Имелся и другой фактор. Россия. Пусть косная, жестокая, плохо отшлифованная, однако — моя. Мой верстак. Моя строящаяся империя. Мысли скользнули к мастерам, к старому ворчуну Кулибину, к Варваре, Элен, Прошке. Отъезд стал бы предательством. Да, если бы во мне не было ни грамма любви к Отчизне, то многое можно было бы переиграть в пользу французов, уверен, Наполеон мог бы победить с моими-то знаниями. Но я уже сделал выбор. Причем давно, еще до попадания в это время.

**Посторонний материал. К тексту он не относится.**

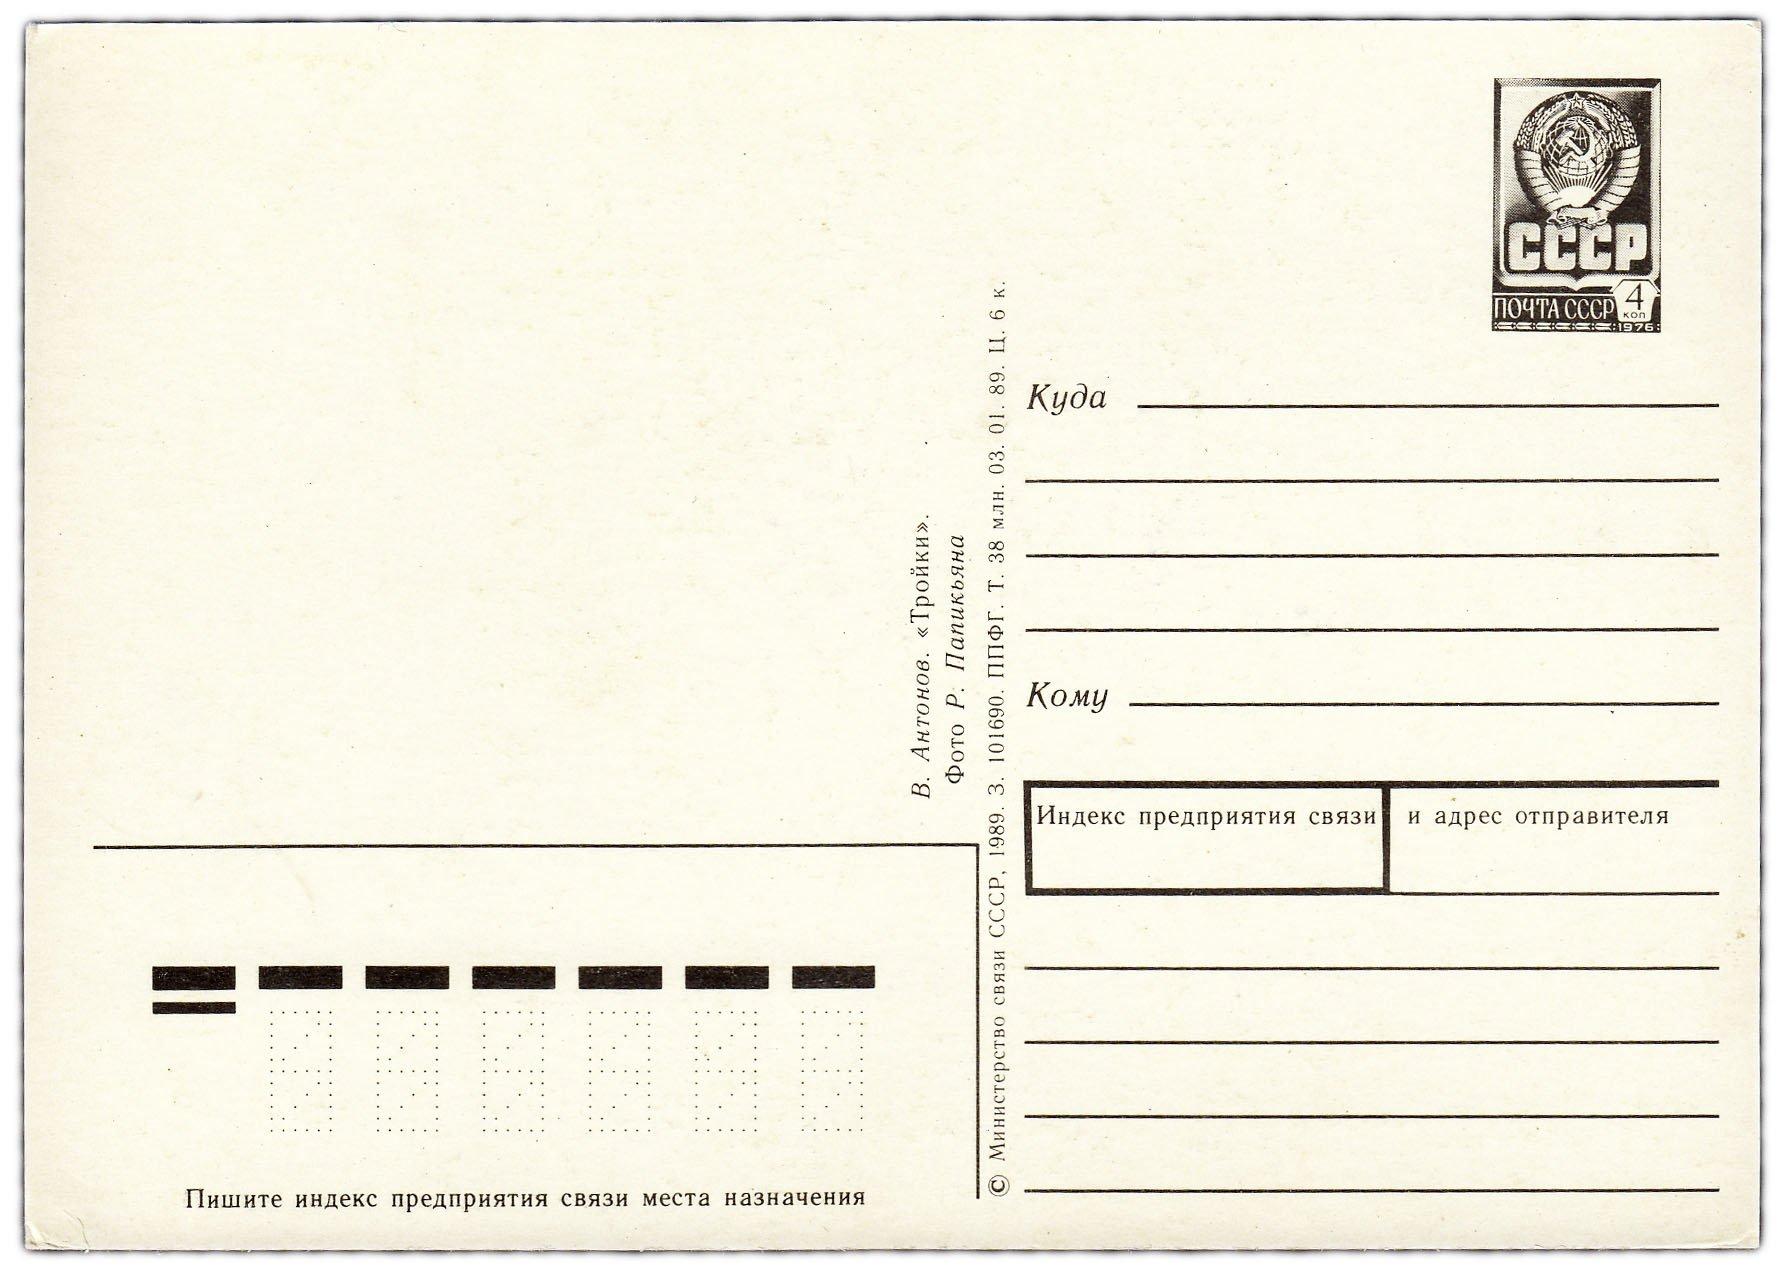 Бракосочетания, советская открытка шаблон

Под гипнотизирующим взглядом француза моя рука потянулась к вину. Пальцы сомкнулись на тонкой ножке, и легкая дрожь передалась хрусталю, заставляя содержимое едва заметно колыхаться.

Сдержанная улыбка визави расцвела триумфом. В глазах посла читался блеск победителя: он решил, что механизм сломлен. Что я, подобно любому на этом месте, потянулся к магниту богатства и славы. В его воображении депеша в Париж об успешной вербовке уже летела с фельдъегерем.

Бокал медленно поплыл к моим губам, позволяя Коленкуру вдоволь насладиться моментом. Аромат ударил в нос сложным букетом: фиалки, старая кожа, терпкая нота дуба. Прикрыв глаза, я сделал небольшой глоток, катая жидкость на языке и старательно изображая знатока, оценивающего изысканный вкус.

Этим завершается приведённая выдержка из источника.